_Input for this task_:

-=-=-

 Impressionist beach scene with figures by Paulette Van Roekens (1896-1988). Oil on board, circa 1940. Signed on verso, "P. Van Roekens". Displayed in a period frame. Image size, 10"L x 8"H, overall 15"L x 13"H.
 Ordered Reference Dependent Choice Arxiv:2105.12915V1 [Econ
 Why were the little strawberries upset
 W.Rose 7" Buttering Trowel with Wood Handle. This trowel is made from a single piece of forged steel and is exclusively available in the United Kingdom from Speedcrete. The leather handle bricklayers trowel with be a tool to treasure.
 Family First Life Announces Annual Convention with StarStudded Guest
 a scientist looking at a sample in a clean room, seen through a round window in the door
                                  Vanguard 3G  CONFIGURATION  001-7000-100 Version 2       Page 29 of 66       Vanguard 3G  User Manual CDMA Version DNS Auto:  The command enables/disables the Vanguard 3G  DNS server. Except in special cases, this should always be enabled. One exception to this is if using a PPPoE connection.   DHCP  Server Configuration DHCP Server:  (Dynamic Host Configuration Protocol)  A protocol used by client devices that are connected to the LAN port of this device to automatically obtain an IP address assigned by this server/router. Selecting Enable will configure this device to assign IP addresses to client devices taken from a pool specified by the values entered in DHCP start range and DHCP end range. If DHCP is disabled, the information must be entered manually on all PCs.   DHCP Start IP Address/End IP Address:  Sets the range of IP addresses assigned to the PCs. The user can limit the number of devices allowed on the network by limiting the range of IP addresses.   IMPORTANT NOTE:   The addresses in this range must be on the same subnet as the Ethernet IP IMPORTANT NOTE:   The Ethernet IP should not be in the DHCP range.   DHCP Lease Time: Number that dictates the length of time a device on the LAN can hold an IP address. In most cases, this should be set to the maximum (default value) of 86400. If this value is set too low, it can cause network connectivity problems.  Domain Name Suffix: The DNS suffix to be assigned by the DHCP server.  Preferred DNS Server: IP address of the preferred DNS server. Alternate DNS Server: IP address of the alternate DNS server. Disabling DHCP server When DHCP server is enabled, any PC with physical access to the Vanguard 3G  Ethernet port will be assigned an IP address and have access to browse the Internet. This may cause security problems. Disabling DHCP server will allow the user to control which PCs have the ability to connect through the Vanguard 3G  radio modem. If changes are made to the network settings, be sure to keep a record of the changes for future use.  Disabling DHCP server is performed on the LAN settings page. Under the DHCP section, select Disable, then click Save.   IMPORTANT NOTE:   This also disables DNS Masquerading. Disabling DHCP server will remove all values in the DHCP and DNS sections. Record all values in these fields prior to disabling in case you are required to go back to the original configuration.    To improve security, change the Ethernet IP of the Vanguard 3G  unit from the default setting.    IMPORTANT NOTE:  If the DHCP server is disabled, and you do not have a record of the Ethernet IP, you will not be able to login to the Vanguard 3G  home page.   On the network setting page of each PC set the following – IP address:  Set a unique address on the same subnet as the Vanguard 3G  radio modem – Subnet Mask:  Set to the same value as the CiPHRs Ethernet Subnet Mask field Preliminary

-=-=-

_Your task_:
Using the entries above, give back exactly the line containing "Family First Life", the line containing "a scientist looking", and every line between them, and nothing else.

_Response box_:
 Family First Life Announces Annual Convention with StarStudded Guest
 a scientist looking at a sample in a clean room, seen through a round window in the door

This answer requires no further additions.